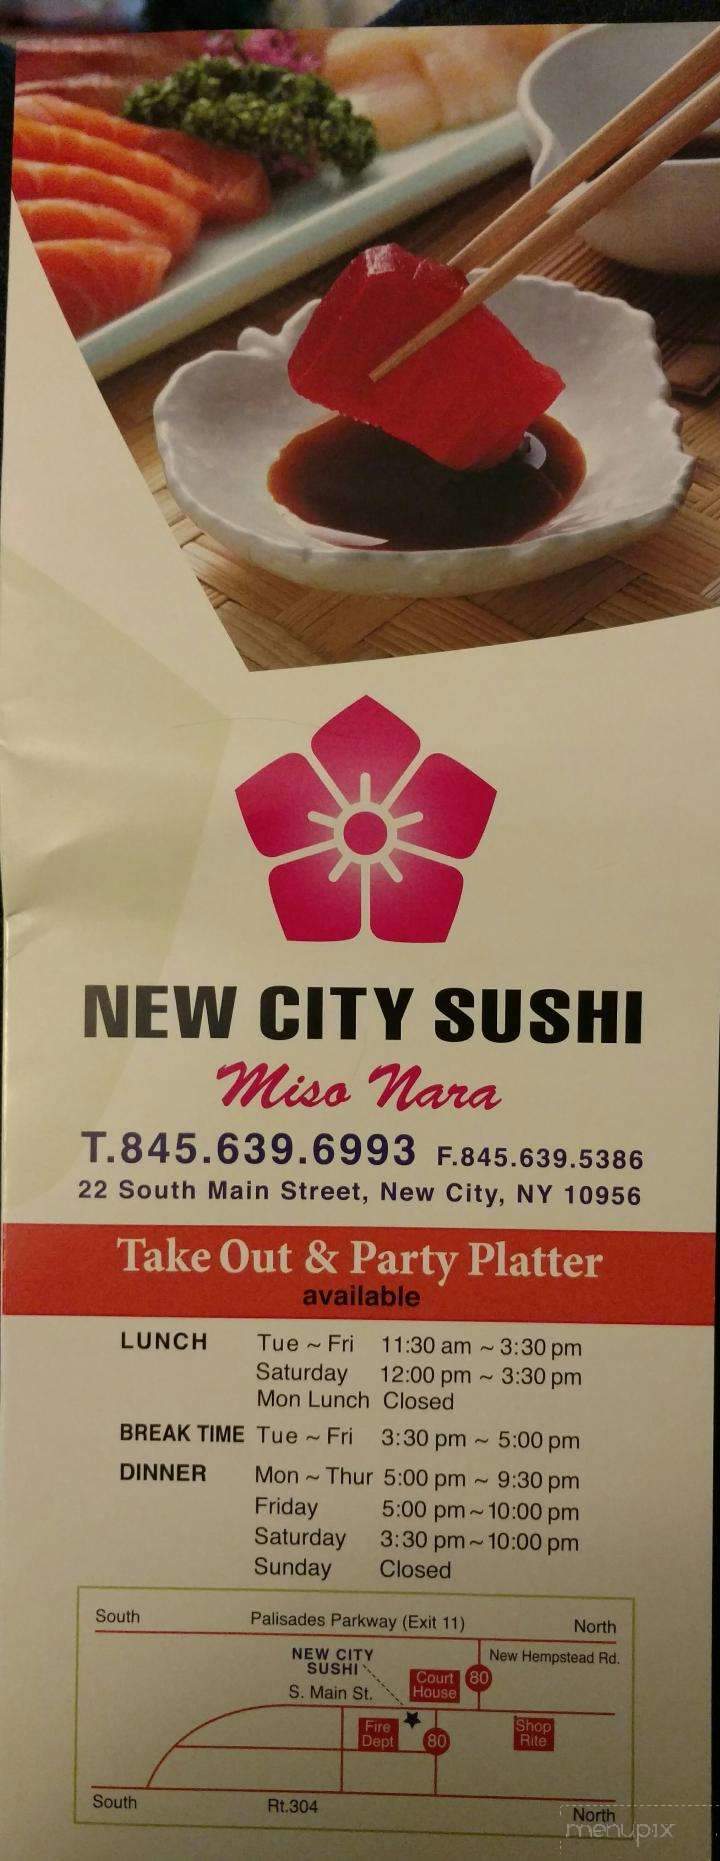 New City Sushi - New City, NY
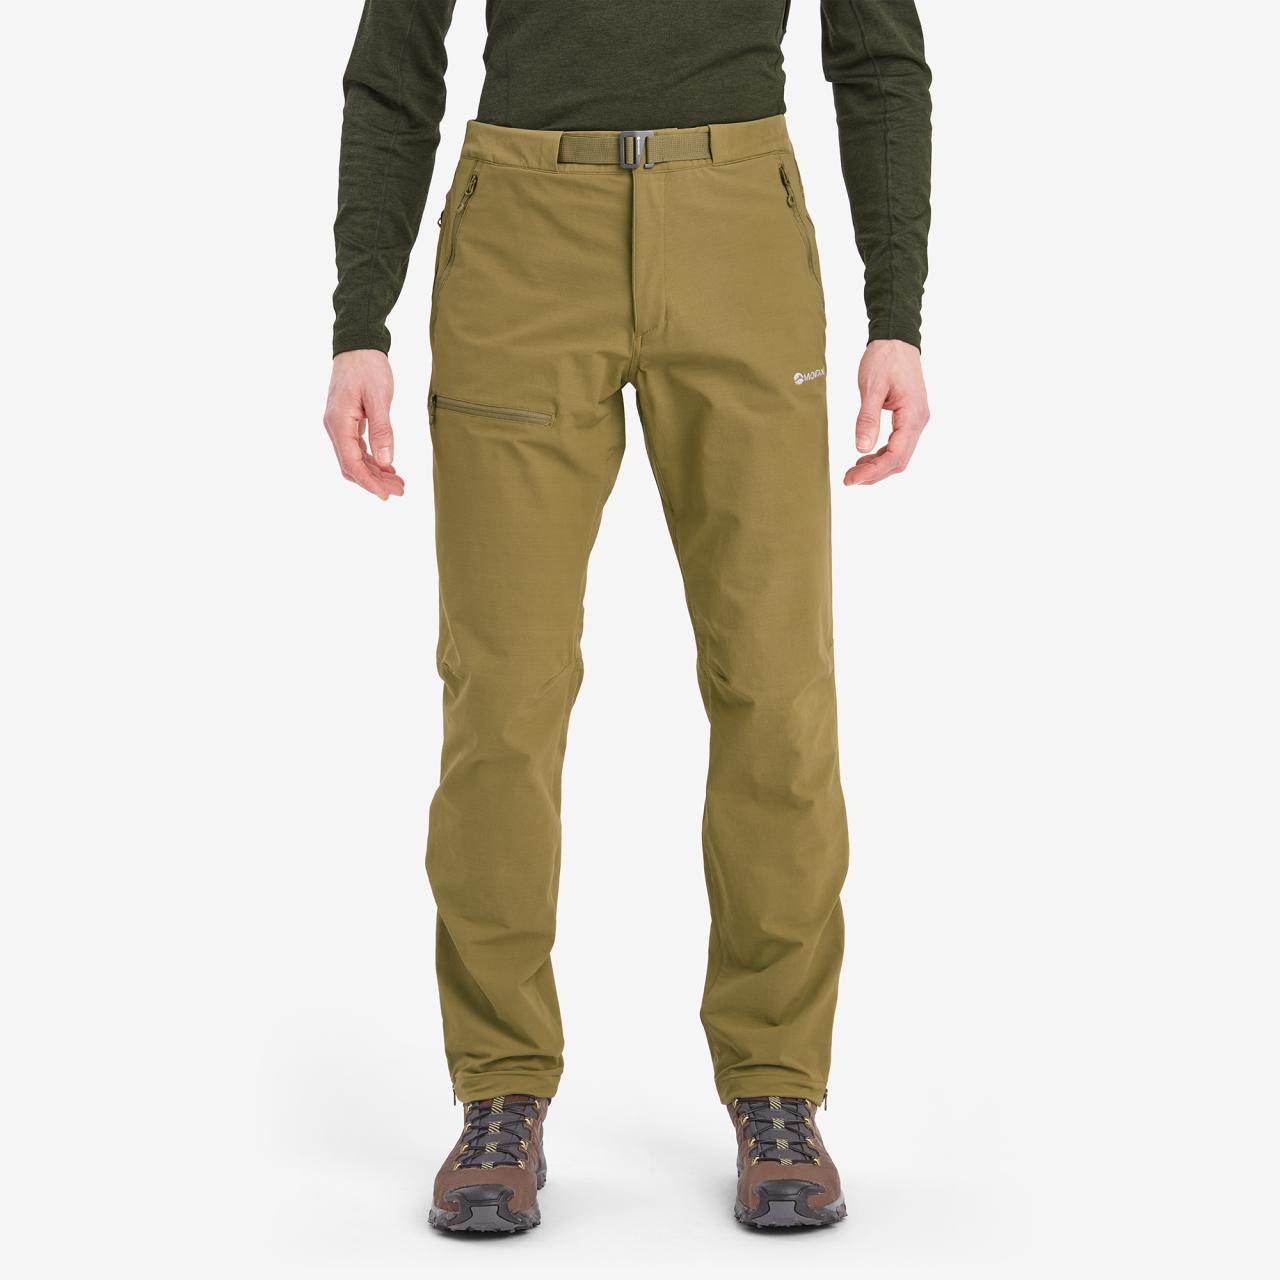 TENACITY PANTS REG LEG-OLIVE-36/XL pánské kalhoty zelené
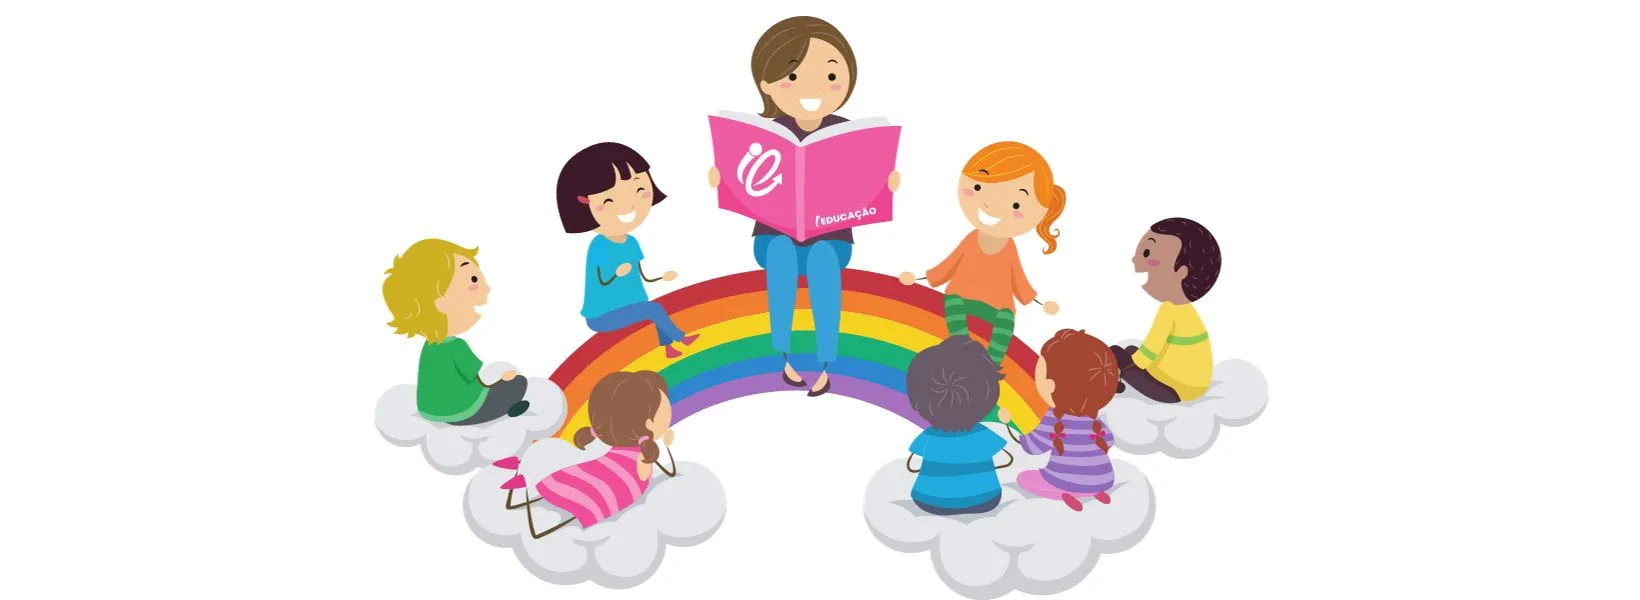 História infantil - Como escolher a história adequada para as crianças - Leitura de histórias infantis

§ §

**EXERCISE:**
The output should be the material above, copied exactly, without its pictures.

**TASK ANSWER:**
 New City Sushi - New City, NY
 TENACITY PANTS REG LEG-OLIVE-36/XL pánské kalhoty zelené
 História infantil - Como escolher a história adequada para as crianças - Leitura de histórias infantis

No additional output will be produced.